*** Information shown Section Begins ***

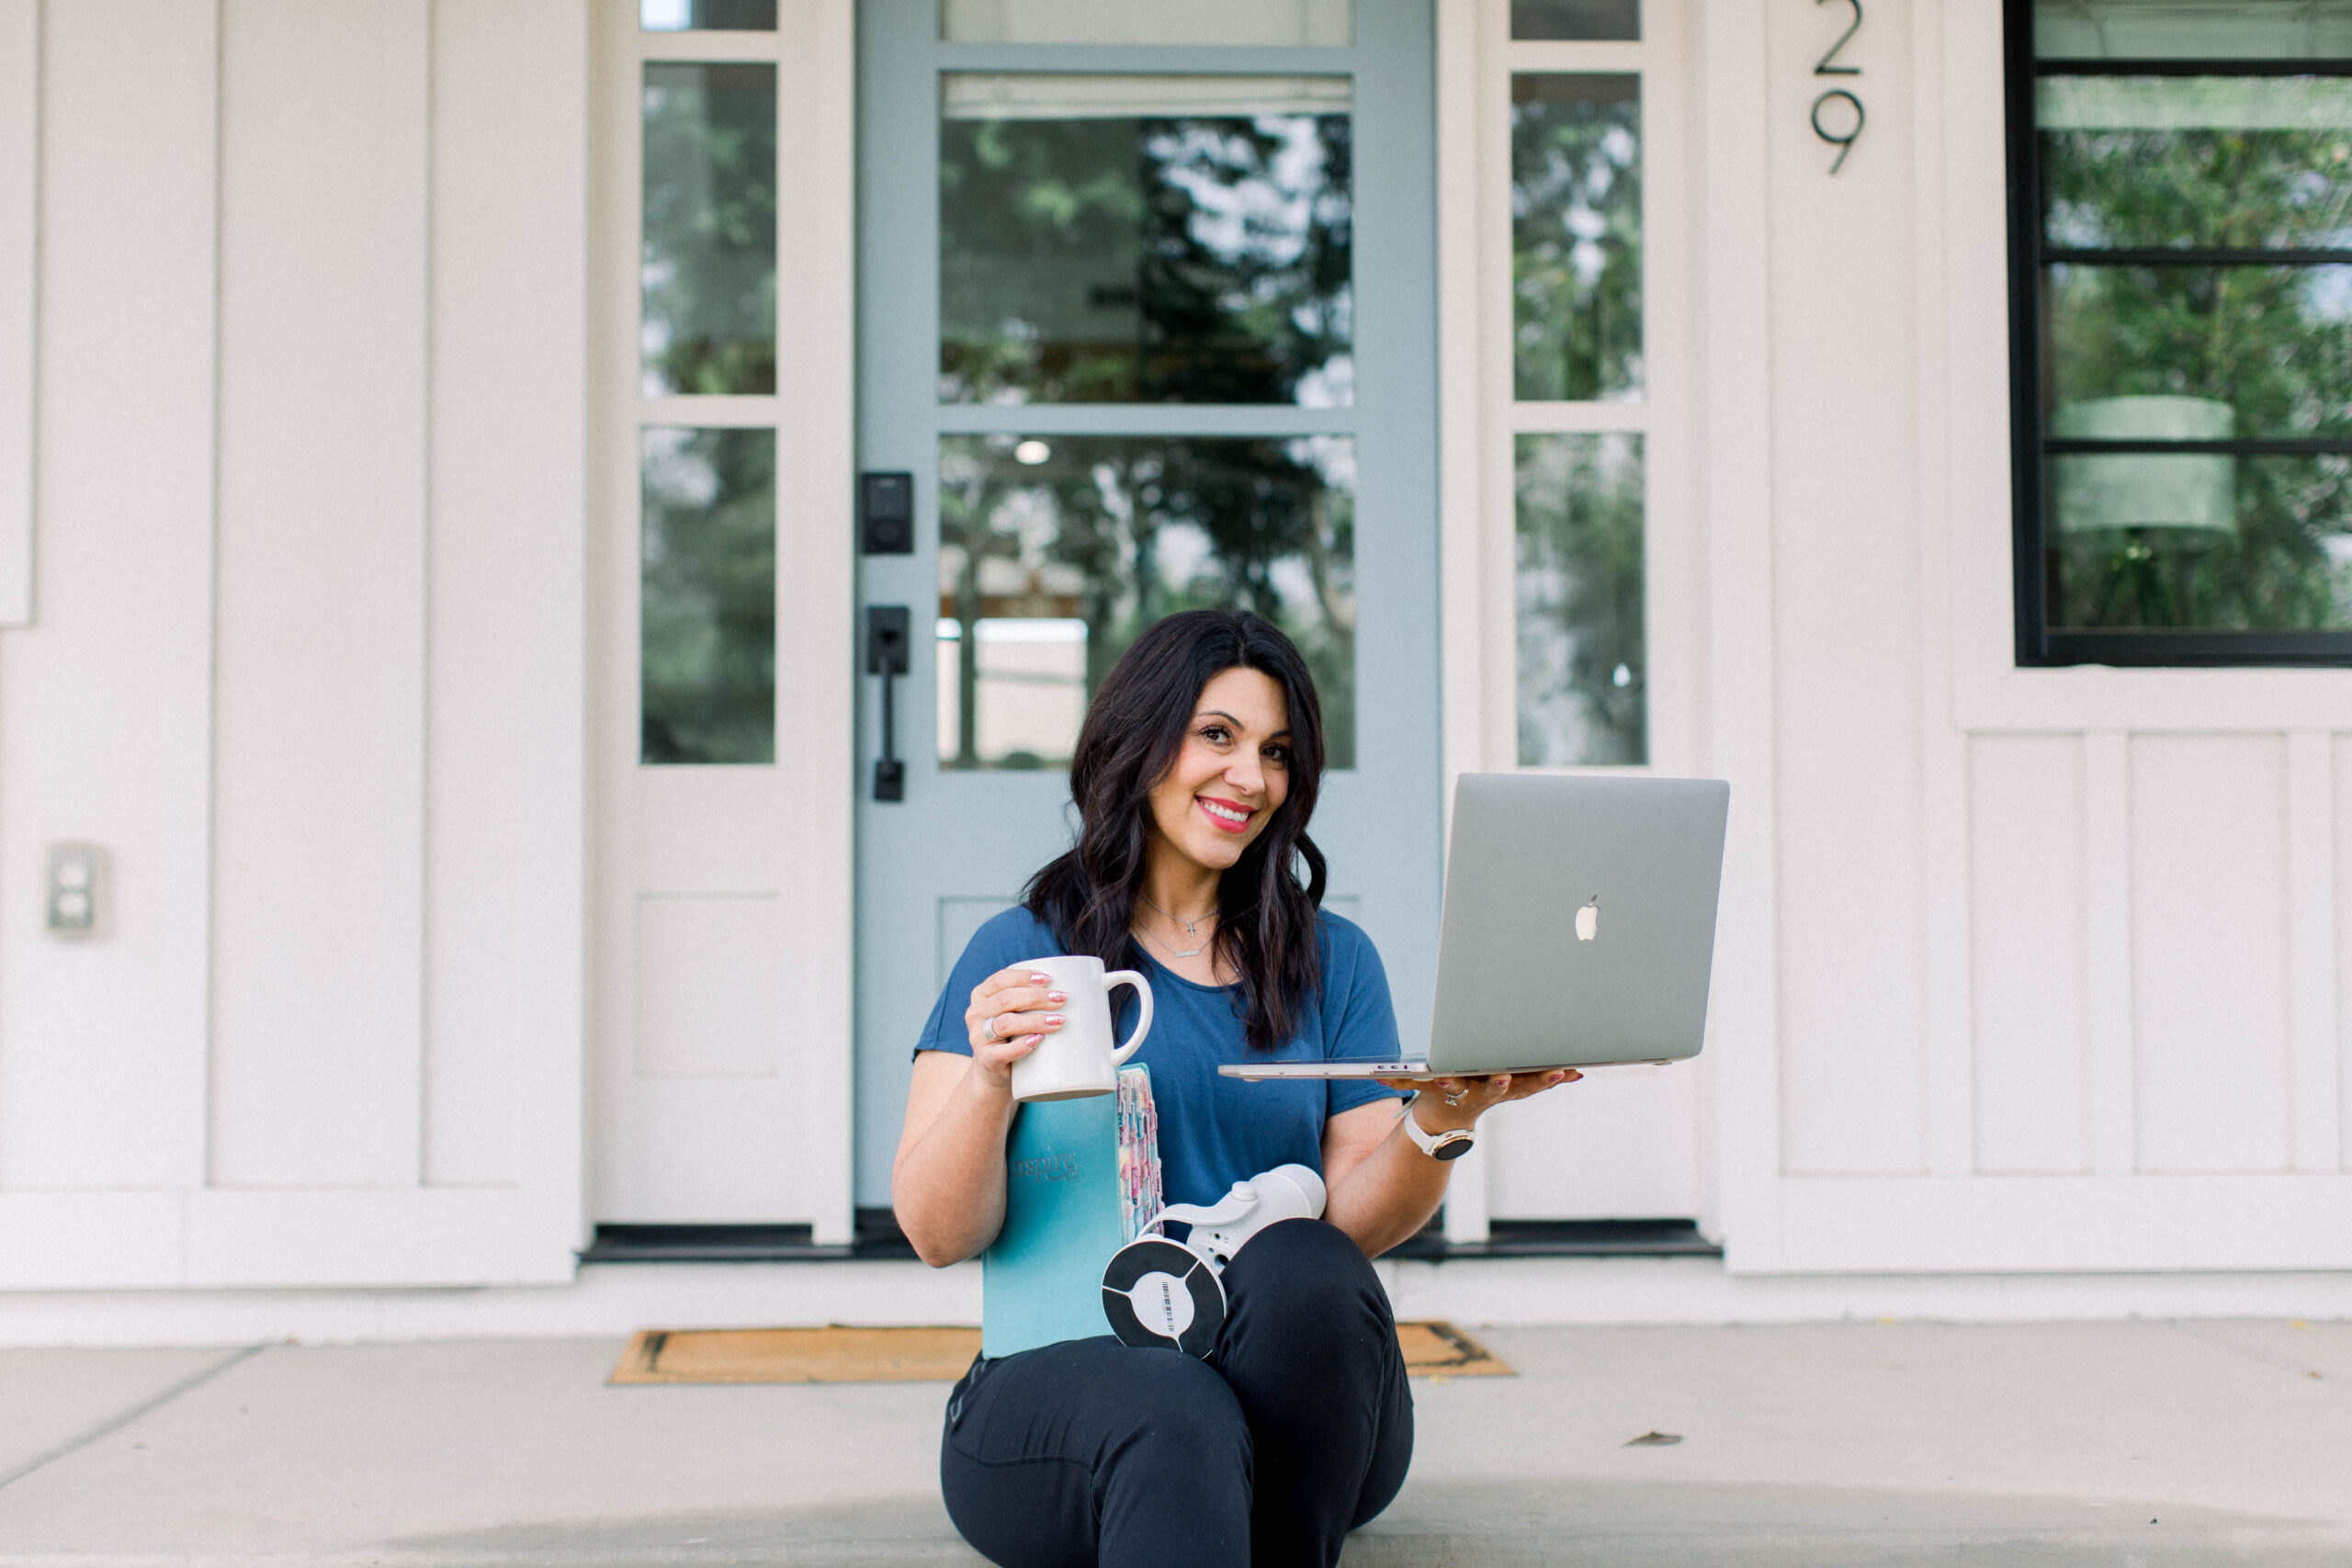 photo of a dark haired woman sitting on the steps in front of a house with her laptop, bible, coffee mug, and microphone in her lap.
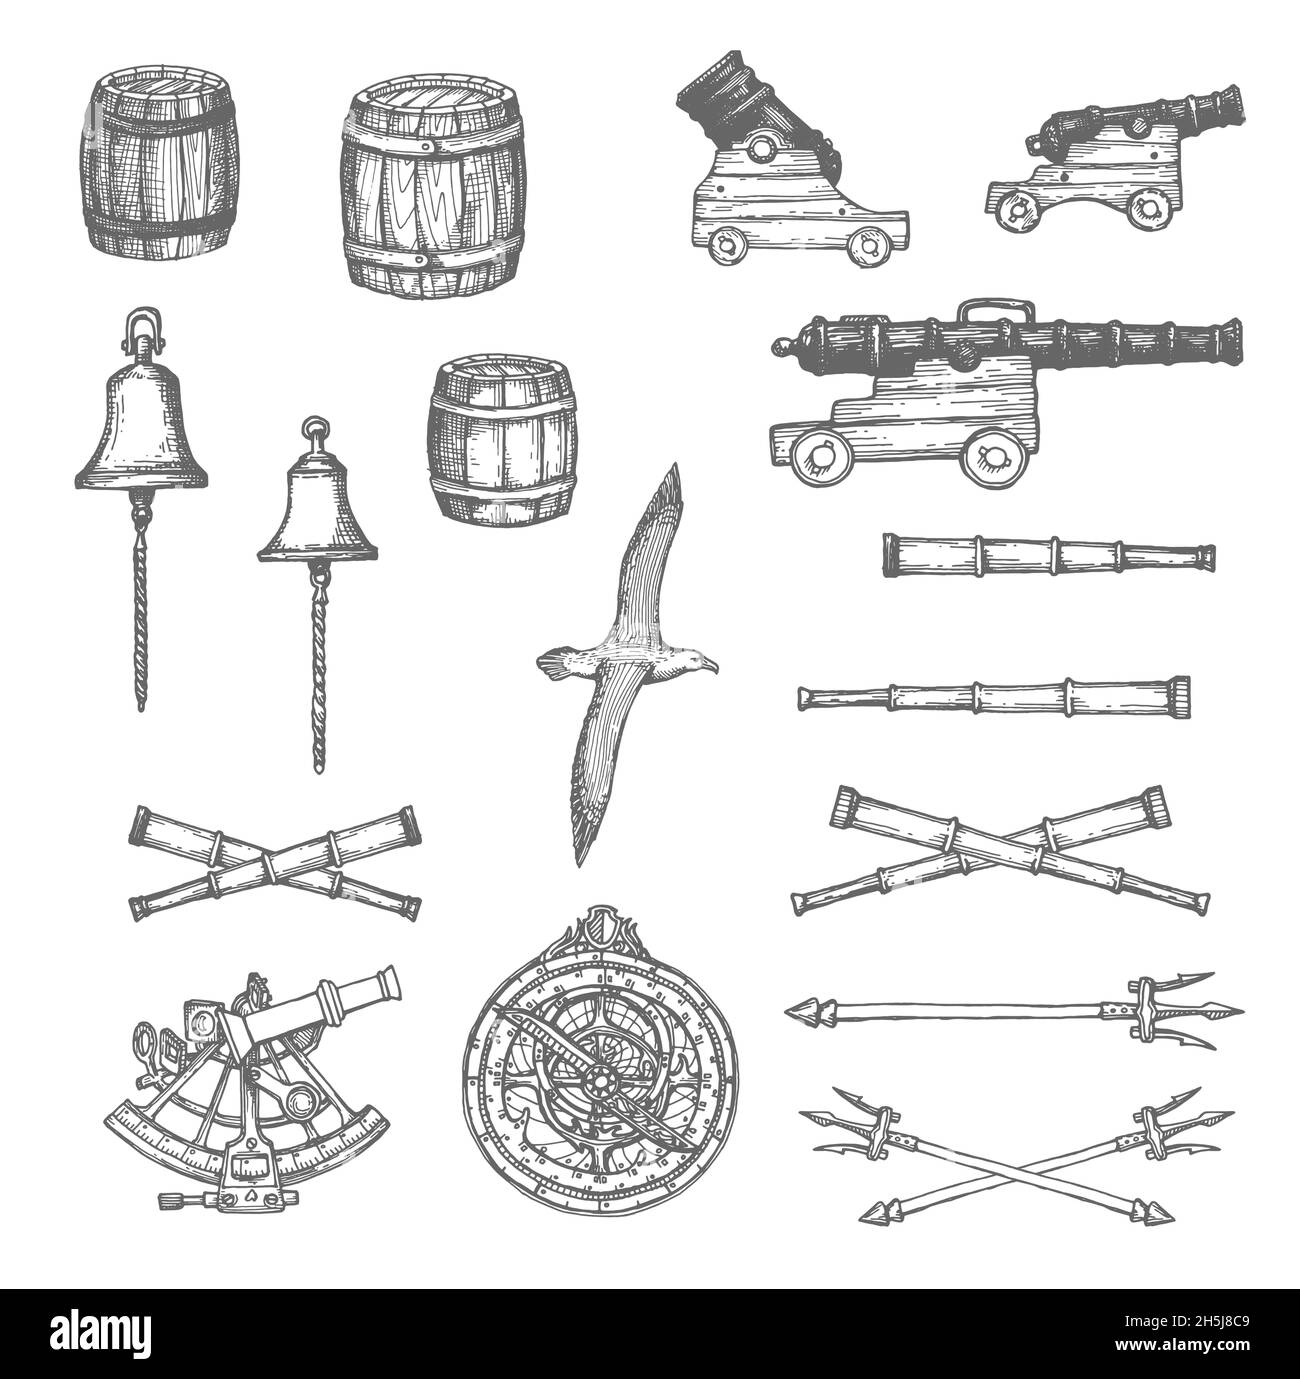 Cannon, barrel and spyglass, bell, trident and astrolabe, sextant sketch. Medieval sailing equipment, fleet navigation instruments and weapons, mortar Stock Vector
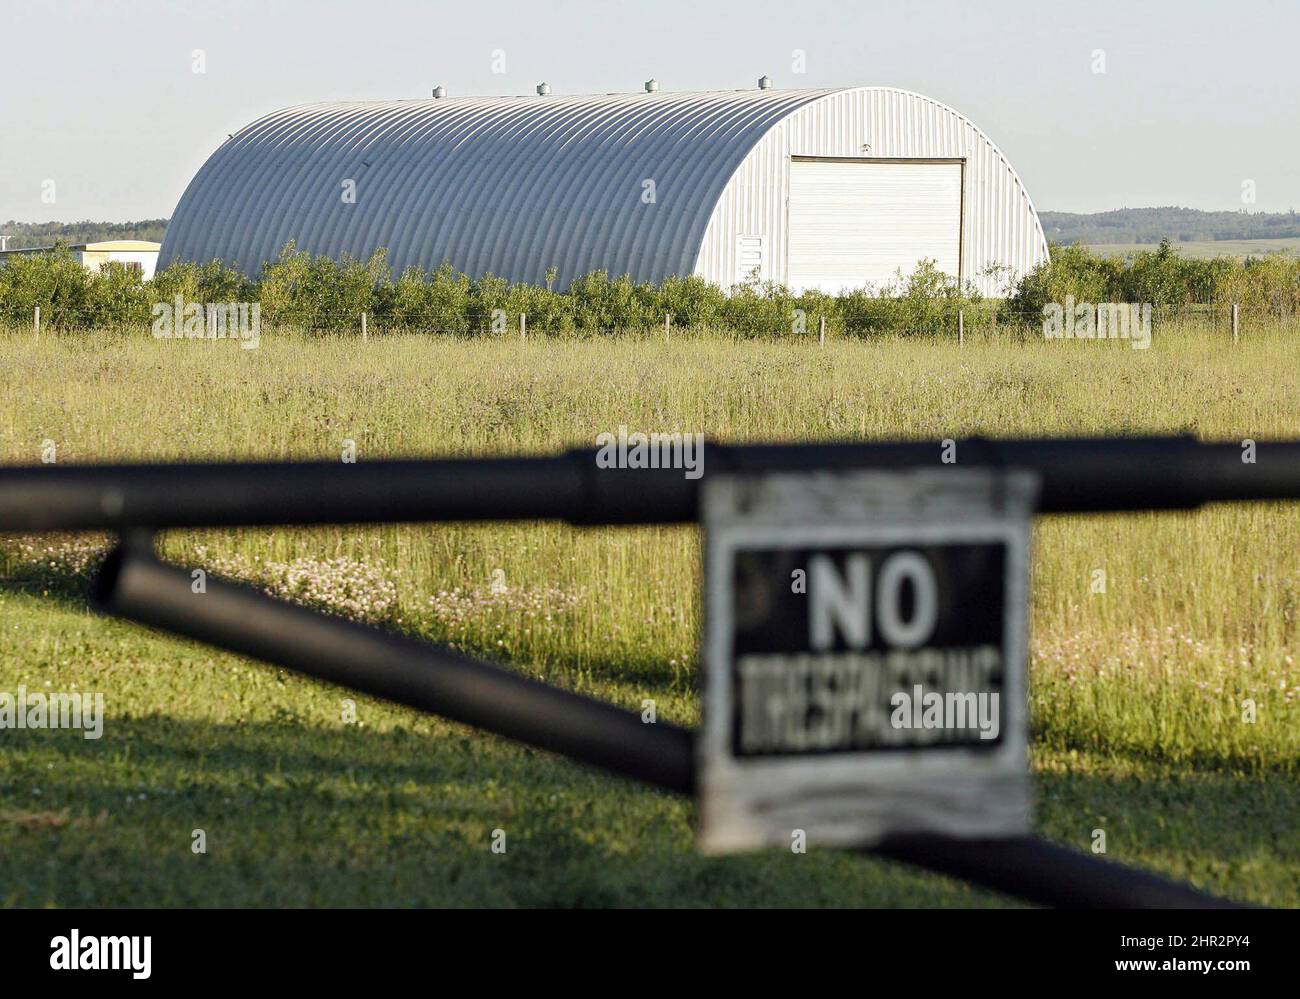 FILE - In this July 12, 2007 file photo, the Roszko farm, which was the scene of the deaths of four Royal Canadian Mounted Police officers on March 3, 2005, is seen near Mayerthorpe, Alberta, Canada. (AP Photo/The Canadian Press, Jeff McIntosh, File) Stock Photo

*** Information shown Section Ends ***

■ What to do ■
Please retype the listing above word for word, skipping each picture.

■ Task output ■
 photo of a dark haired woman sitting on the steps in front of a house with her laptop, bible, coffee mug, and microphone in her lap.
 Cannon, barrel and spyglass, bell, trident and astrolabe, sextant sketch. Medieval sailing equipment, fleet navigation instruments and weapons, mortar Stock Vector
 FILE - In this July 12, 2007 file photo, the Roszko farm, which was the scene of the deaths of four Royal Canadian Mounted Police officers on March 3, 2005, is seen near Mayerthorpe, Alberta, Canada. (AP Photo/The Canadian Press, Jeff McIntosh, File) Stock Photo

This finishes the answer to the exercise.